## Exercise instructions
After finding the line containing "Cricket con pelota, ilustración, vector" below, please output that line and each following one through the line containing "PSVITA 本体 Wi-Fiモデル", exactly as written.

## Excerpted records
----

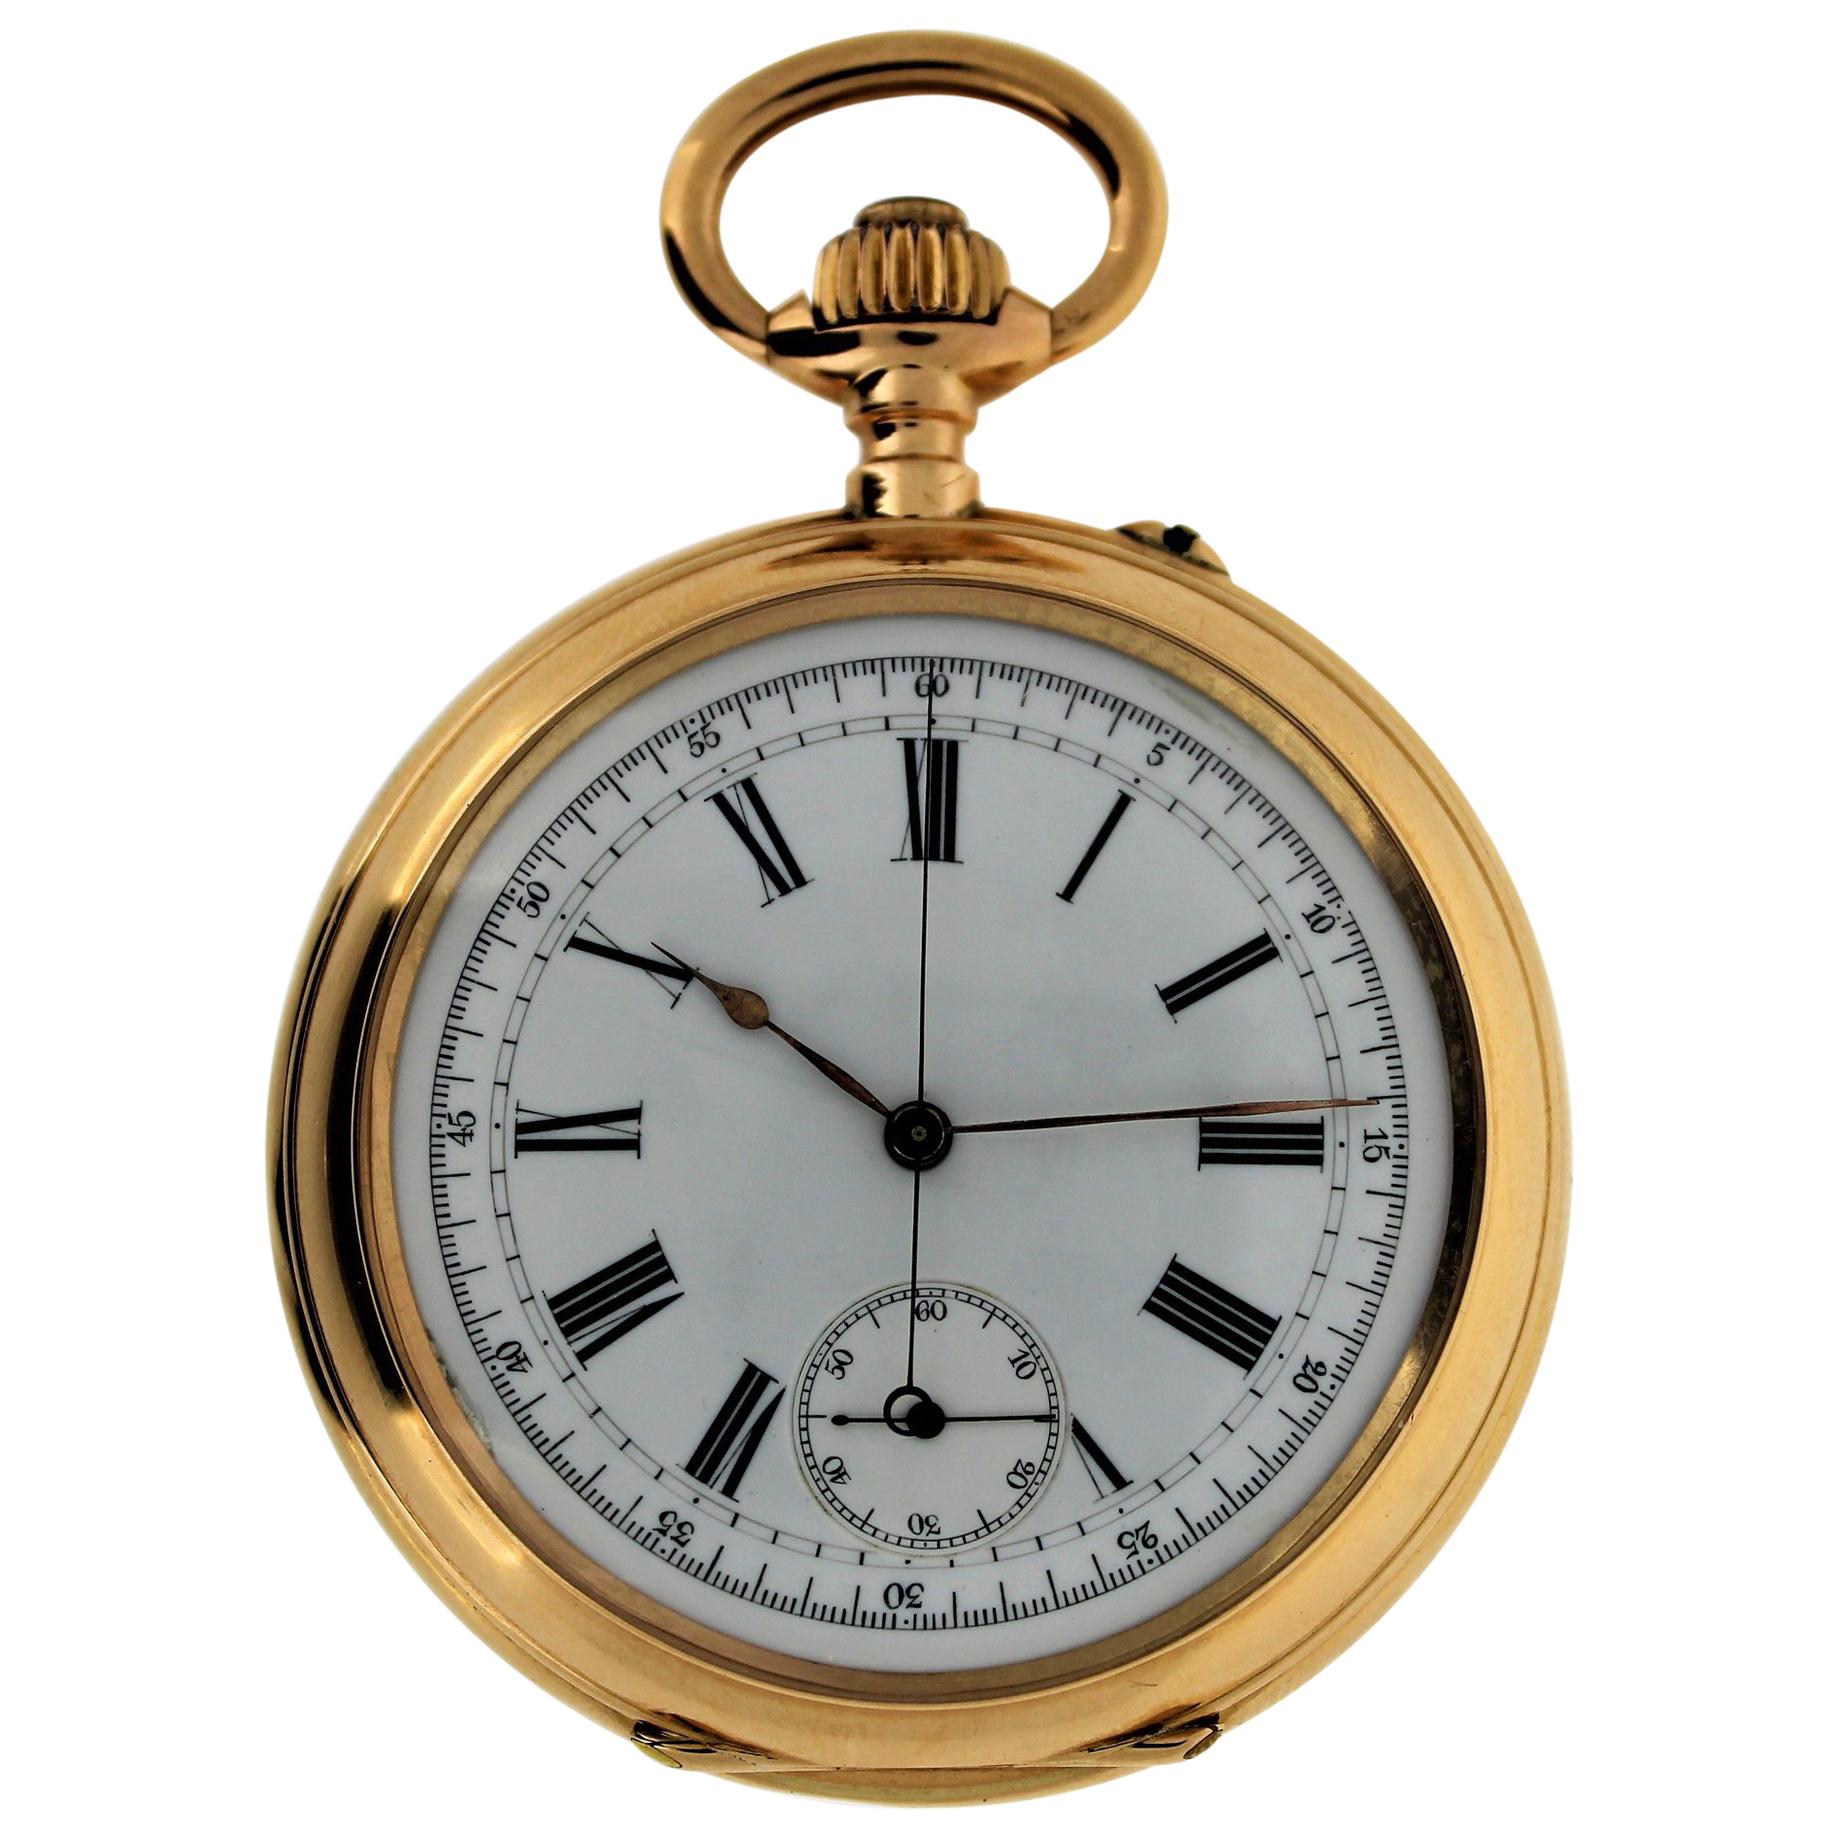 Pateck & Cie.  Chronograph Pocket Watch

----

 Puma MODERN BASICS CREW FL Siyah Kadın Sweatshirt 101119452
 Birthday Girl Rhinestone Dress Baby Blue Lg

----

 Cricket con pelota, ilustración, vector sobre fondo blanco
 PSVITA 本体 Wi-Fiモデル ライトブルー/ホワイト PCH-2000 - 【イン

----

## Solution
 Cricket con pelota, ilustración, vector sobre fondo blanco
 PSVITA 本体 Wi-Fiモデル ライトブルー/ホワイト PCH-2000 - 【イン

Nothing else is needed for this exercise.